Mount Hor (Hebrew: הֹר הָהָר, Hor Ha-Har) is the name given in the Old Testament to two distinct mountains. One borders the land of Edom in the area south of the Dead Sea, and the other is by the Mediterranean Sea at the Northern border of the Land of Israel. Mount Hor is significant to the Jews as Aaron the high priest, brother of Moses, died there.
This Mount Hor is situated "in the edge of the land of Edom" (Numbers 20:23 and 33:37) and was the scene of Aaron's , death and burial. The exact location of Mount Hor is an interesting topic of debate, but based on the writing of Josephus it has customarily been identified with the Jebel Nebi Harun ("Mountain of the Prophet Aaron" in Arabic), a twin-peaked mountain 4780 feet above sea-level (6072 feet above the Dead Sea) in the Edomite Mountains on the east side of the Jordan-Arabah valley. On the summit is a shrine, the Tomb of Aaron, said to cover the grave of Aaron.
Some investigators at the turn of the 20th century dissented from this identification: for example, Henry Clay Trumbull preferred the Jebel Madara, a peak northwest of 'Ain Kadis.

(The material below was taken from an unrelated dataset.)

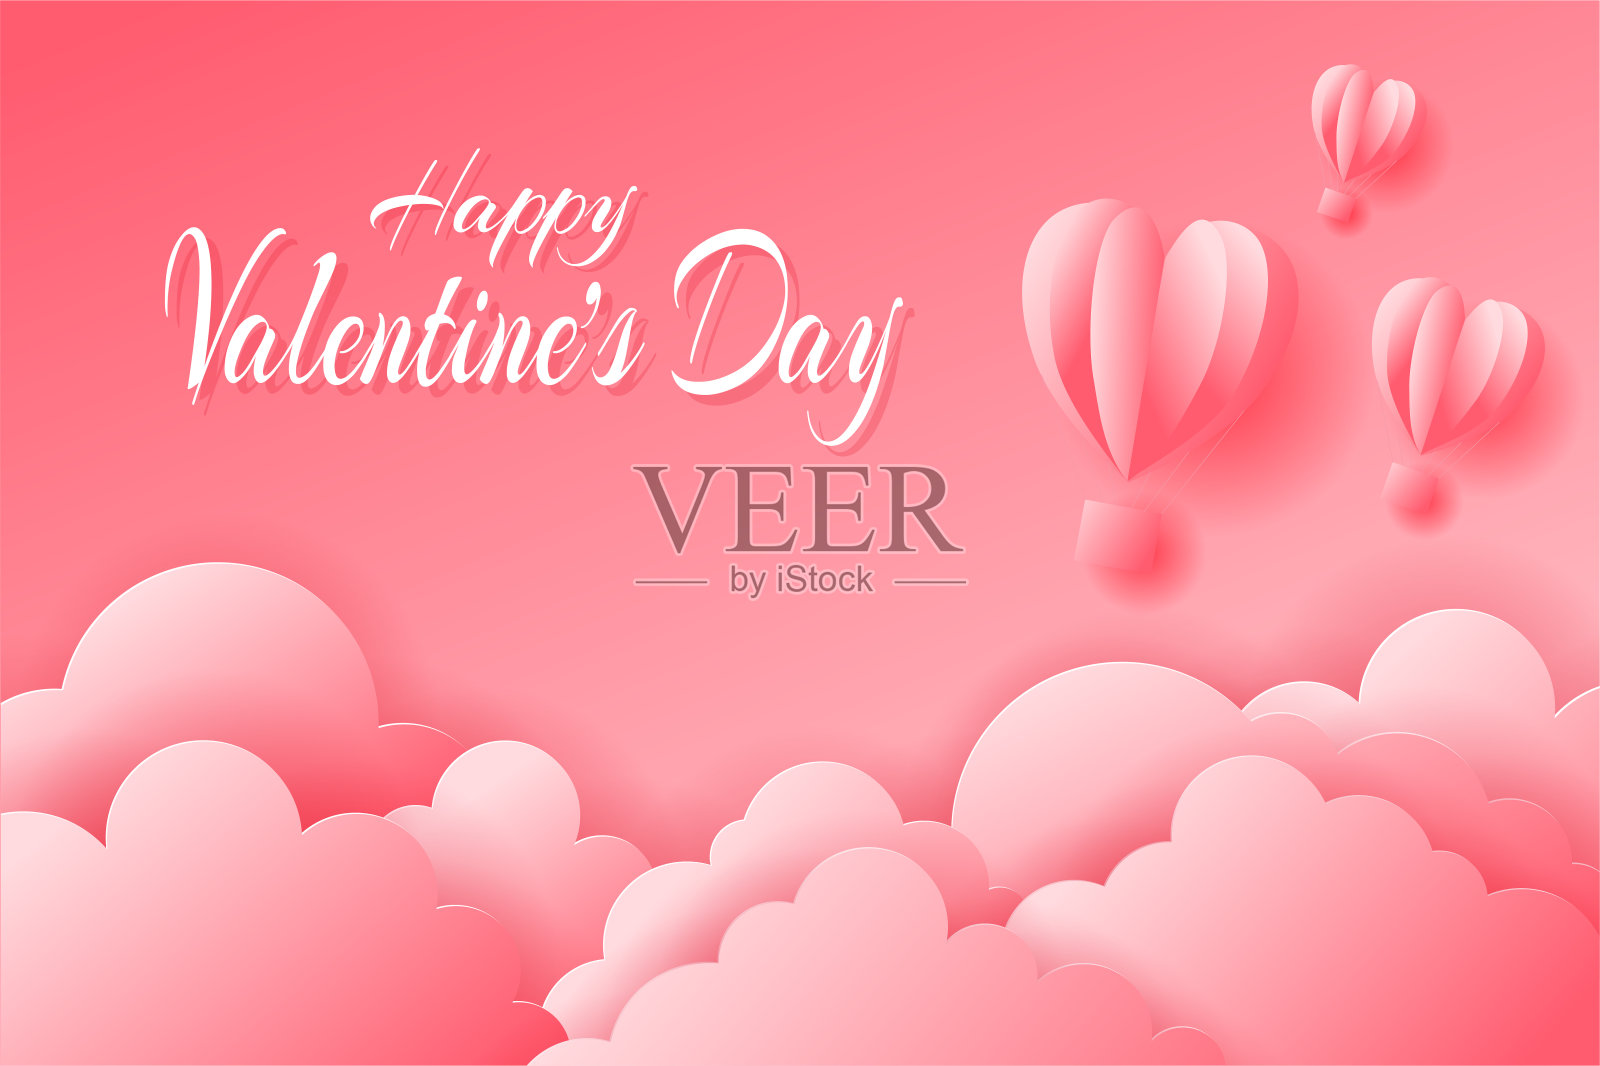 粉红色的心形气球在粉红色背景的云朵上飞行。剪纸风格。情人节或母亲节庆祝概念插画图片素材

Another Mount Hor is mentioned in the Book of Numbers, defining the northern boundary of the Land of Israel. It is traditionally identified as the Nur or Amanus Mountains. When in the Second Temple period, Jewish authors seeking to establish with greater precision the geographical definition of the Promised Land, began to construe Mount Hor as a reference to the Amanus range of the Taurus Mountains, which marked the northern limit of the Syrian plain.